Return the lines below exactly, please, from the one containing "Elf Nail Polish Quality – Papillon Day Spa" through the last one, both included, and leave out any pictures.

##### Information supplied

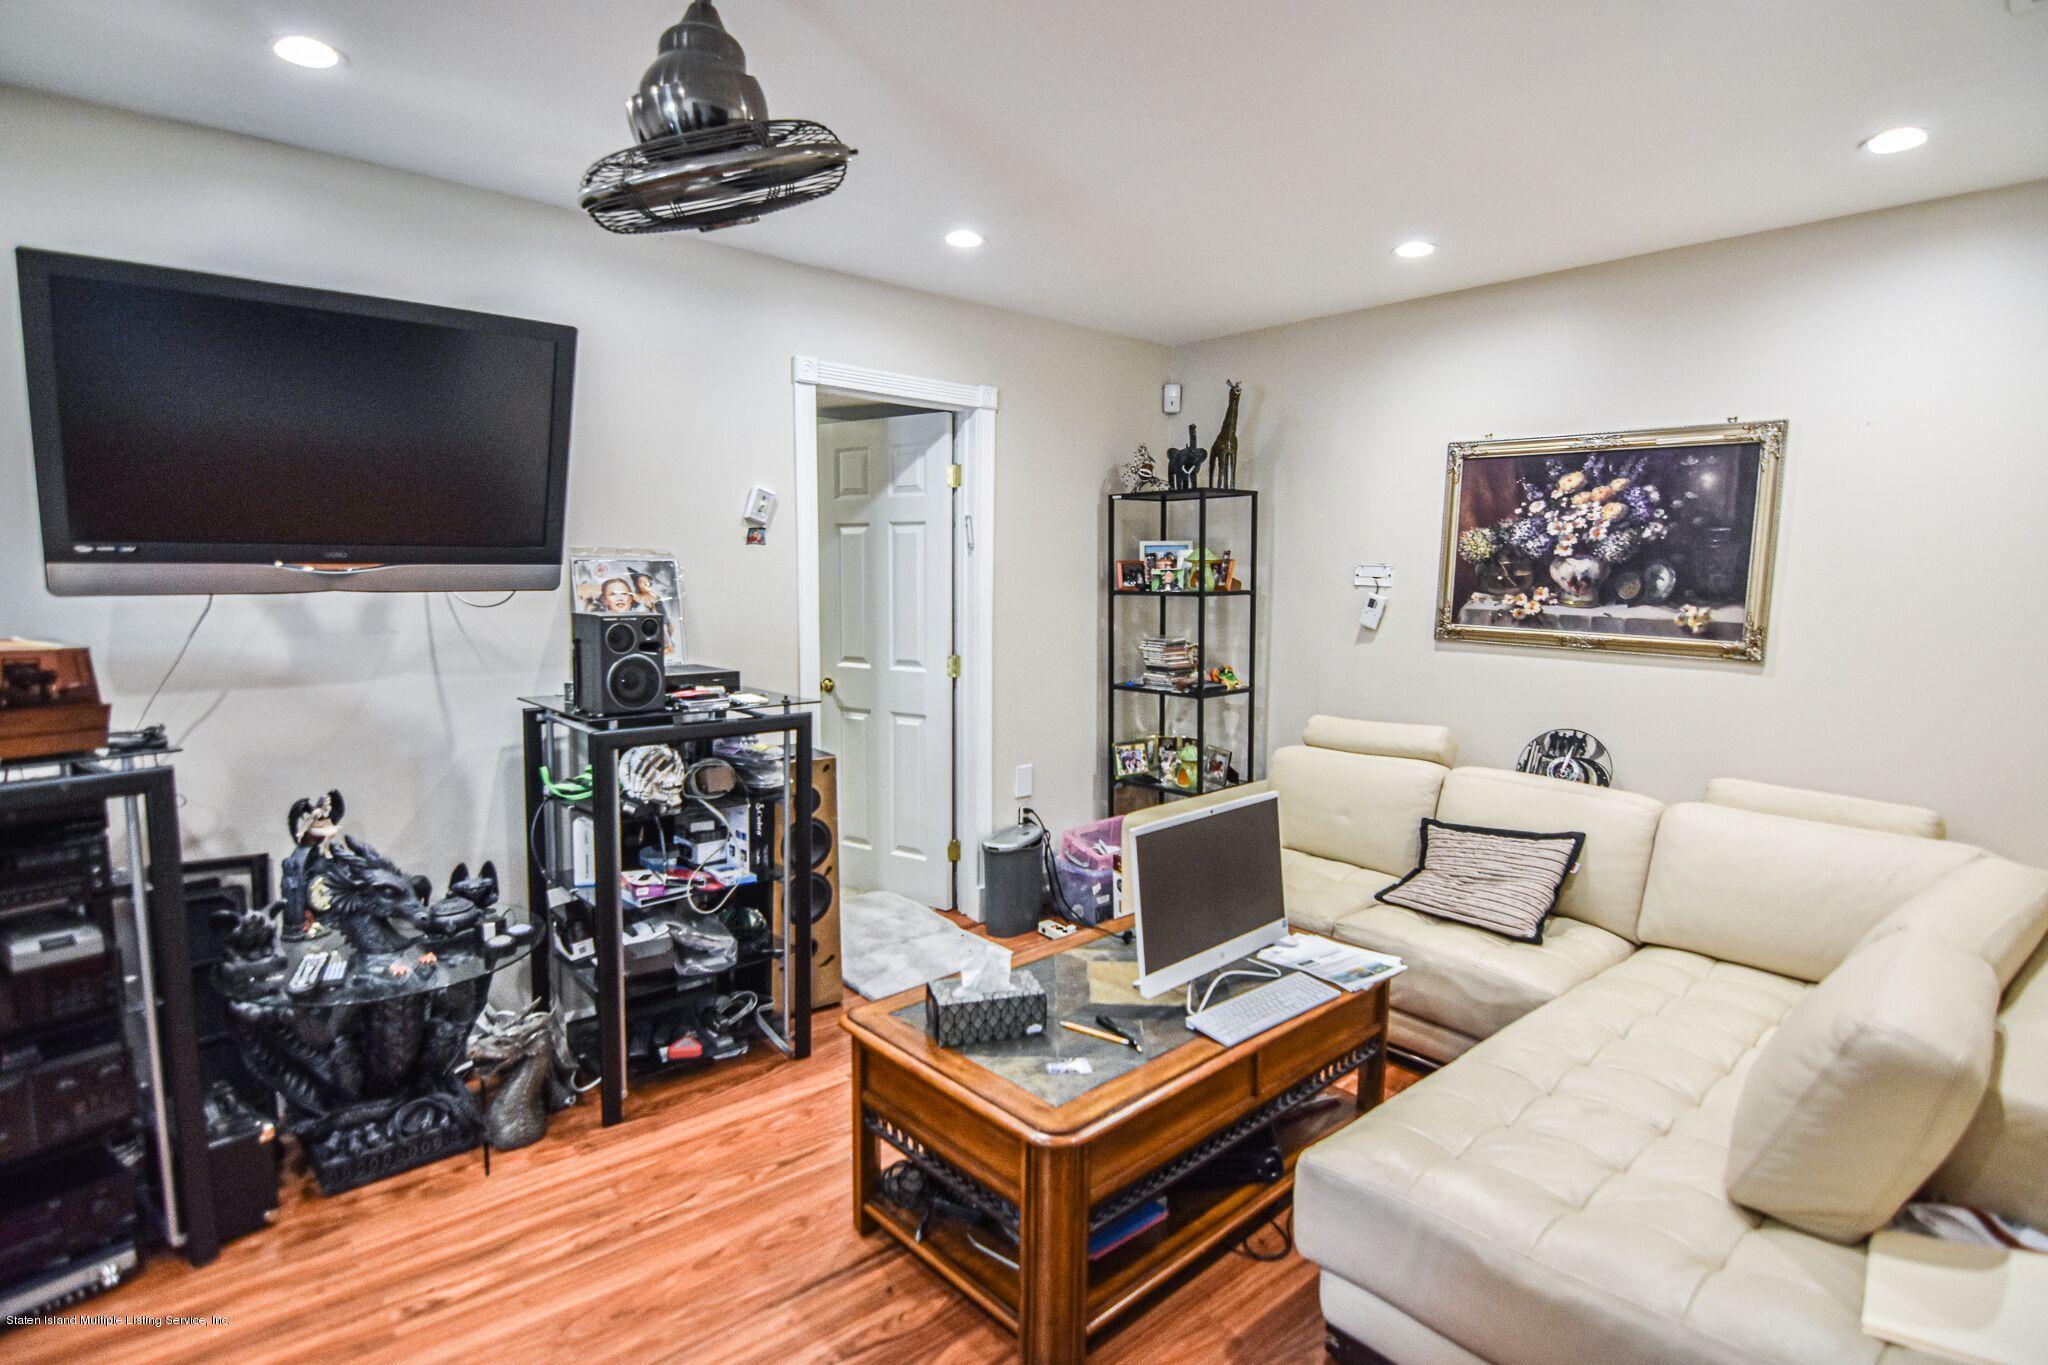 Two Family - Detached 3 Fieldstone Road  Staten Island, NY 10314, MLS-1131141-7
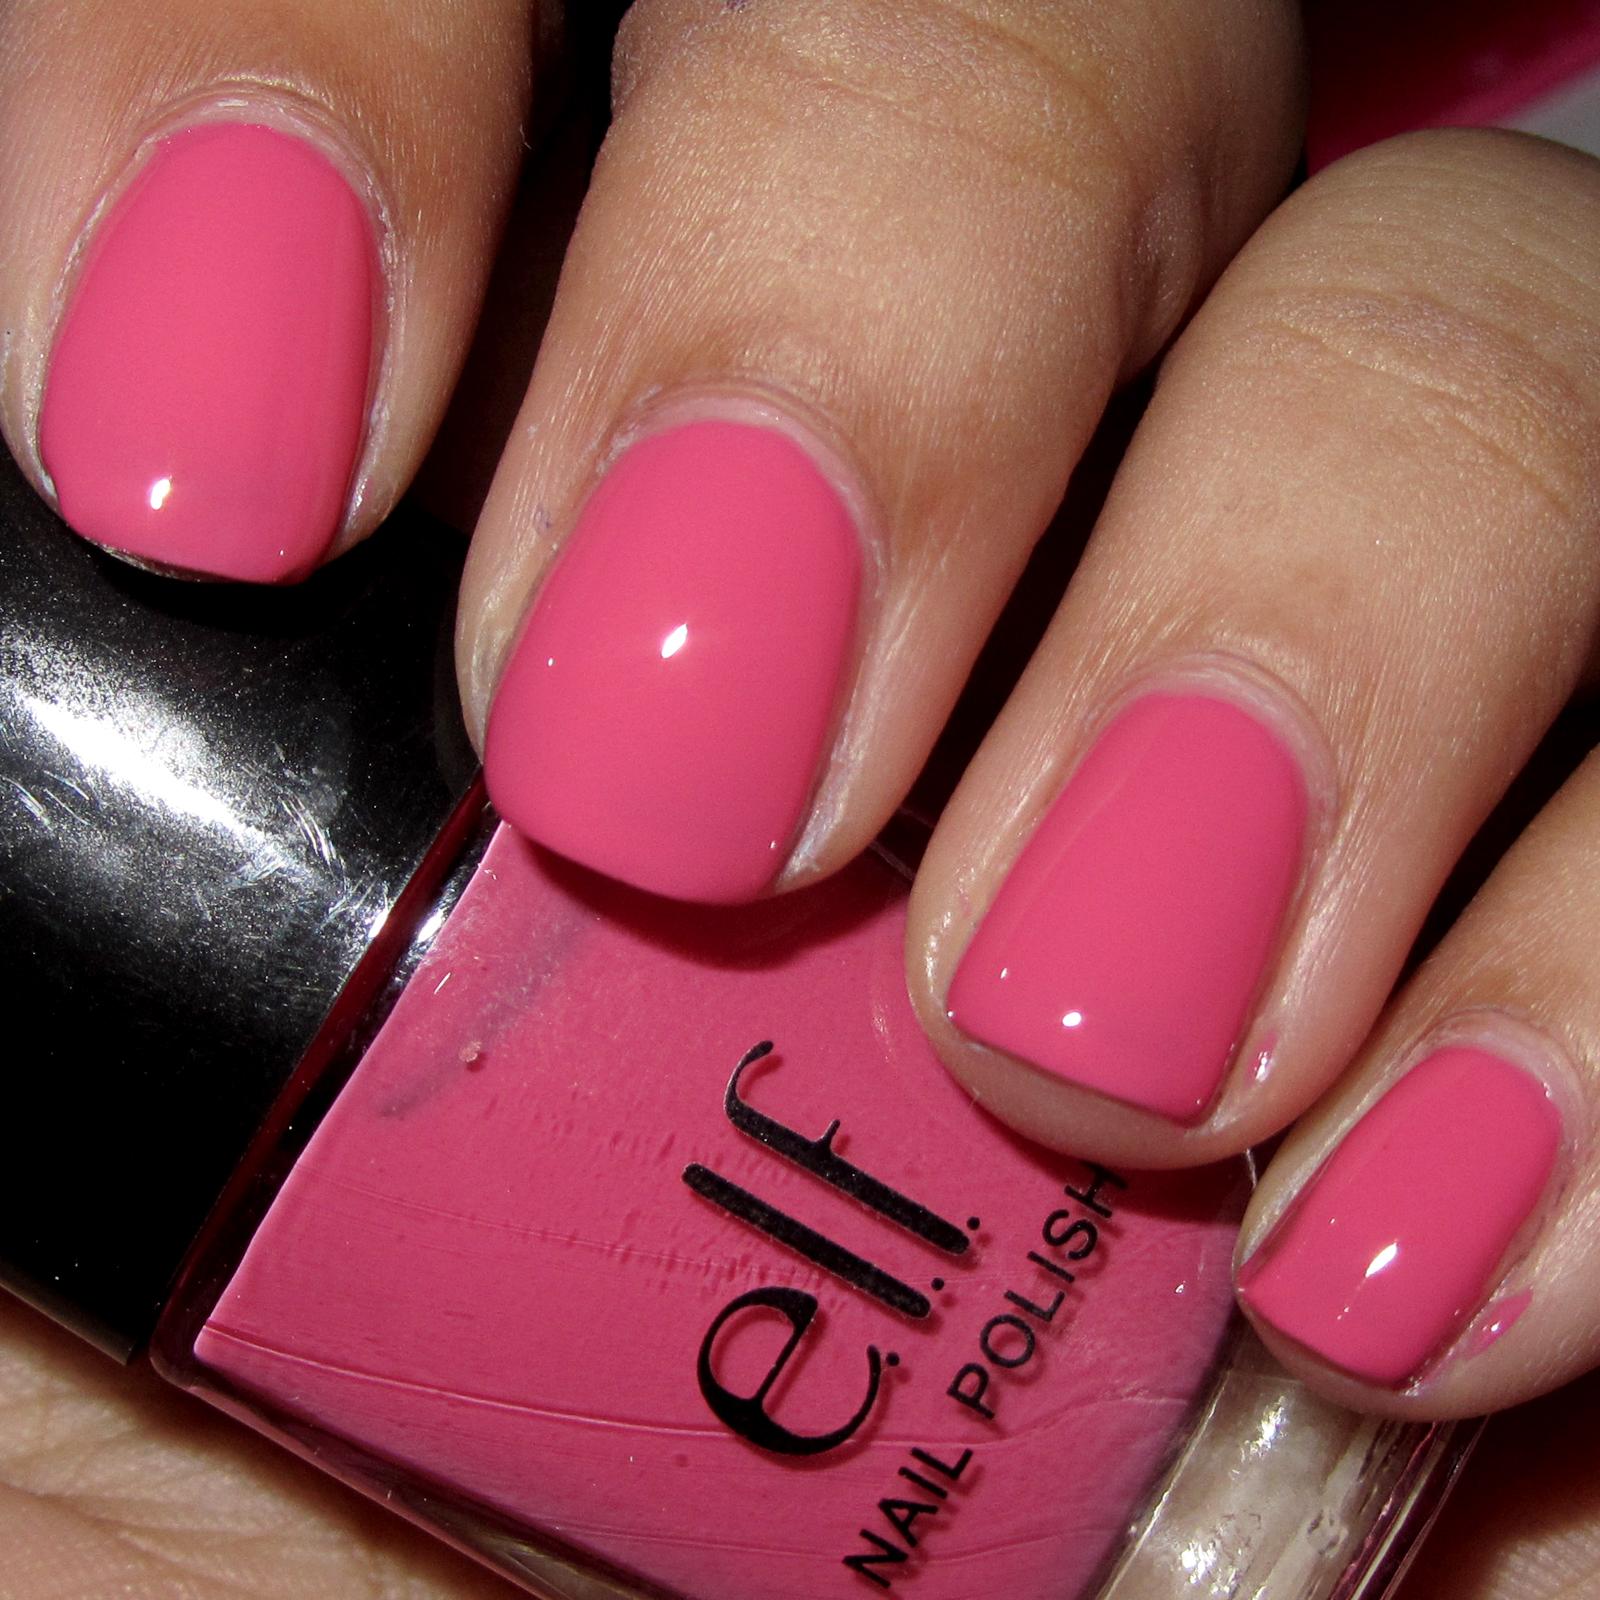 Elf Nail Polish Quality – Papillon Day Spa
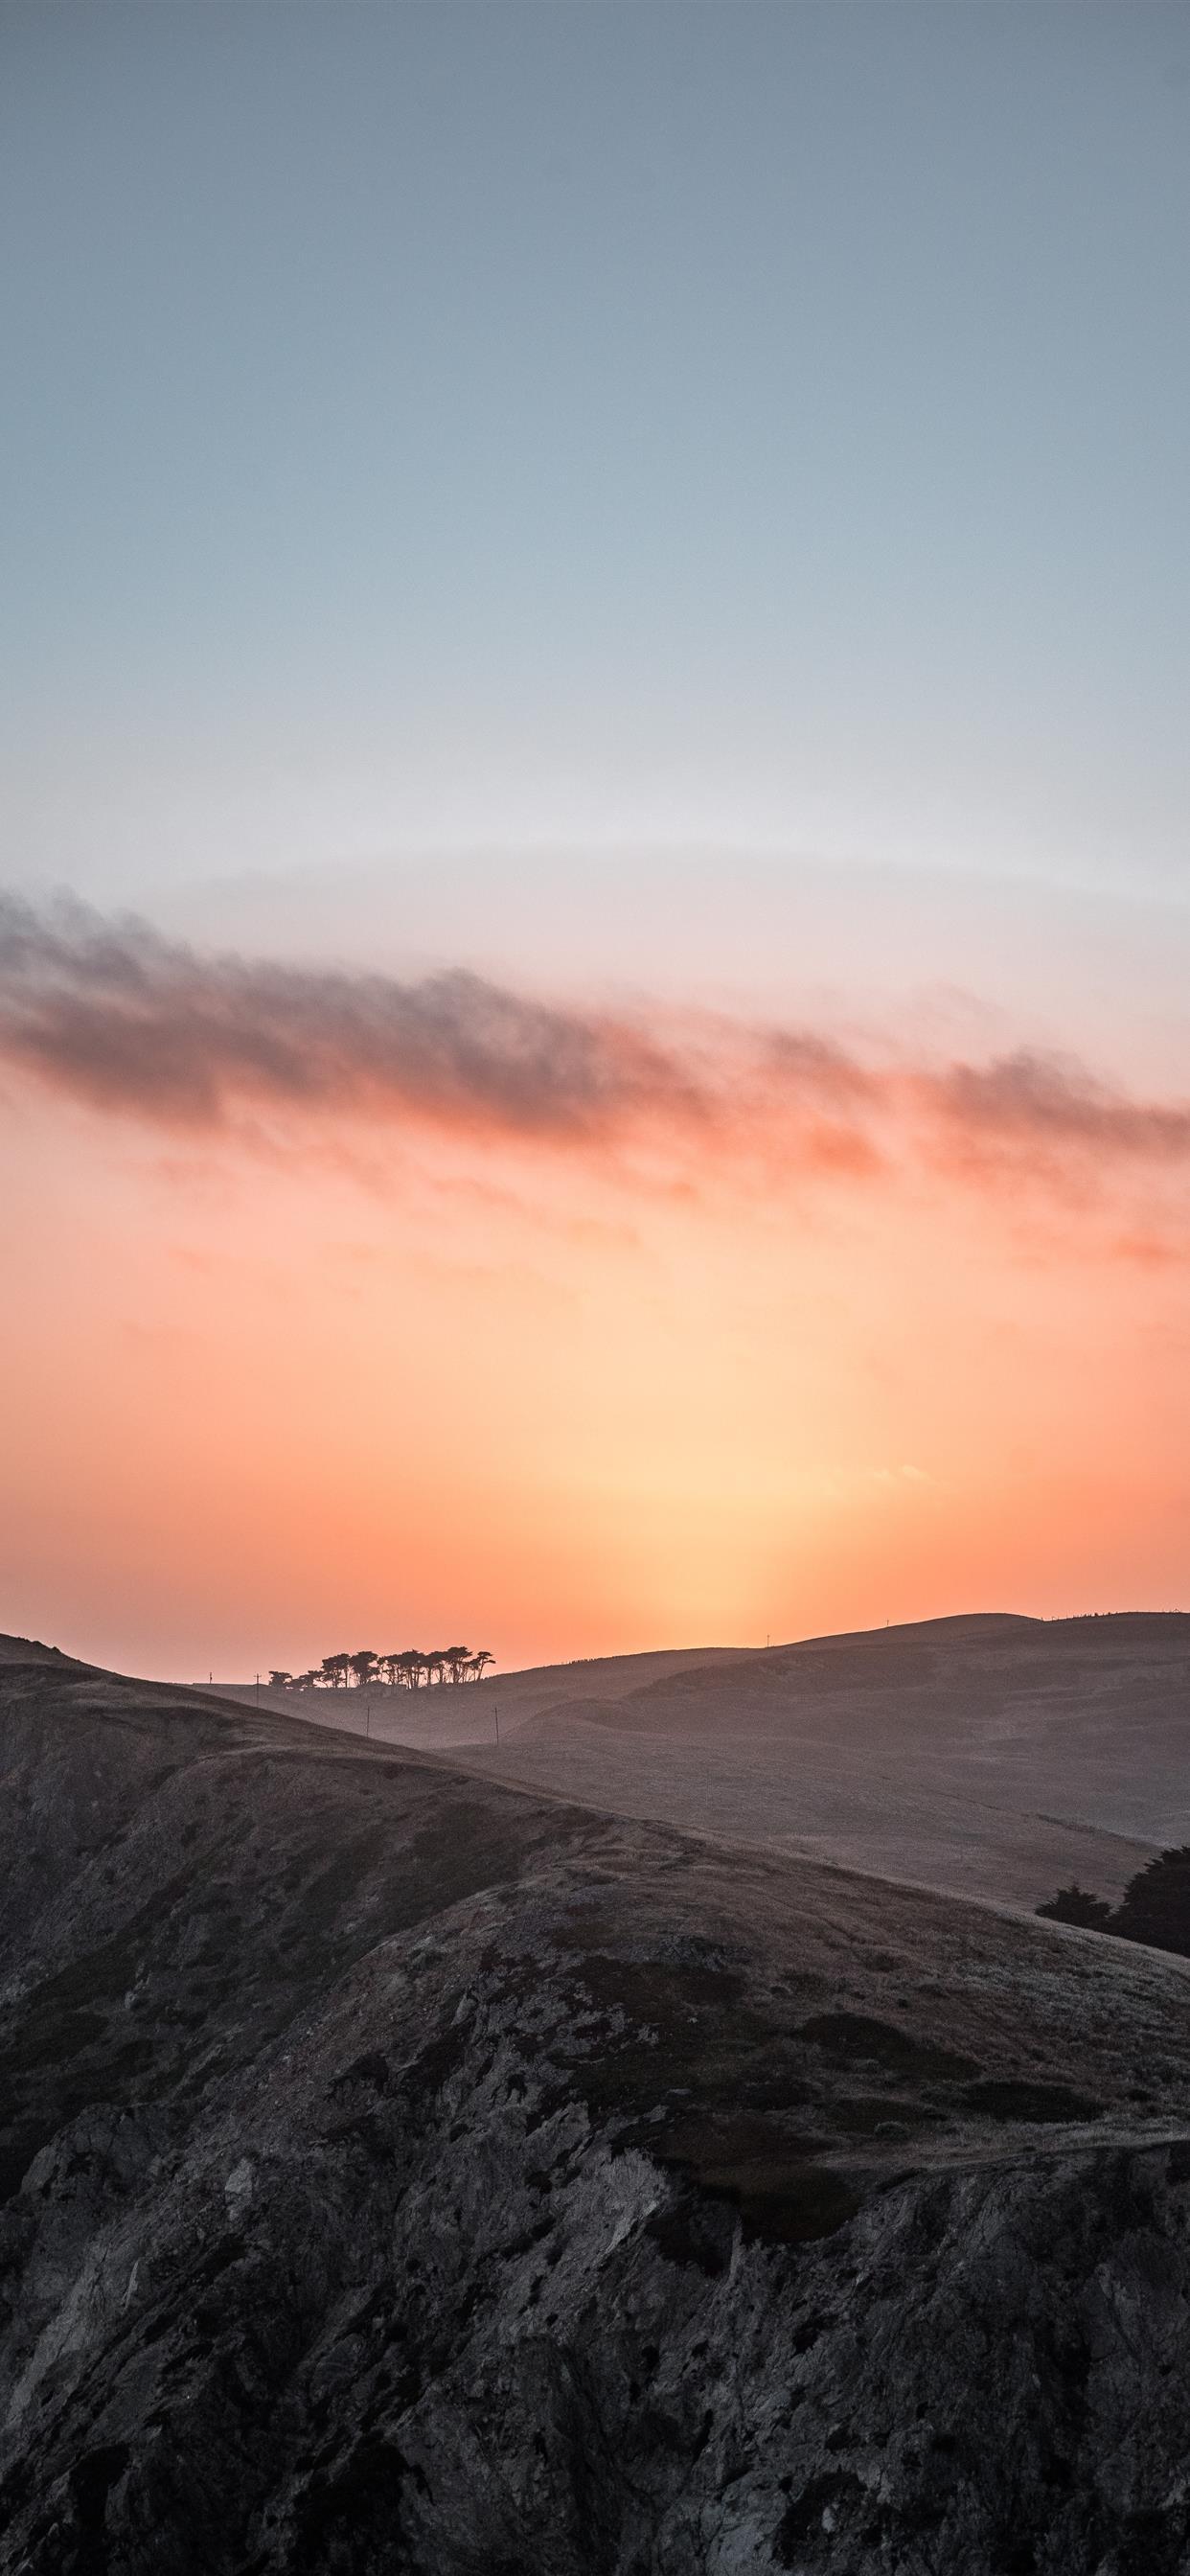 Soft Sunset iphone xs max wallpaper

##########

§ **Solution for this exercise**
 Elf Nail Polish Quality – Papillon Day Spa
 Soft Sunset iphone xs max wallpaper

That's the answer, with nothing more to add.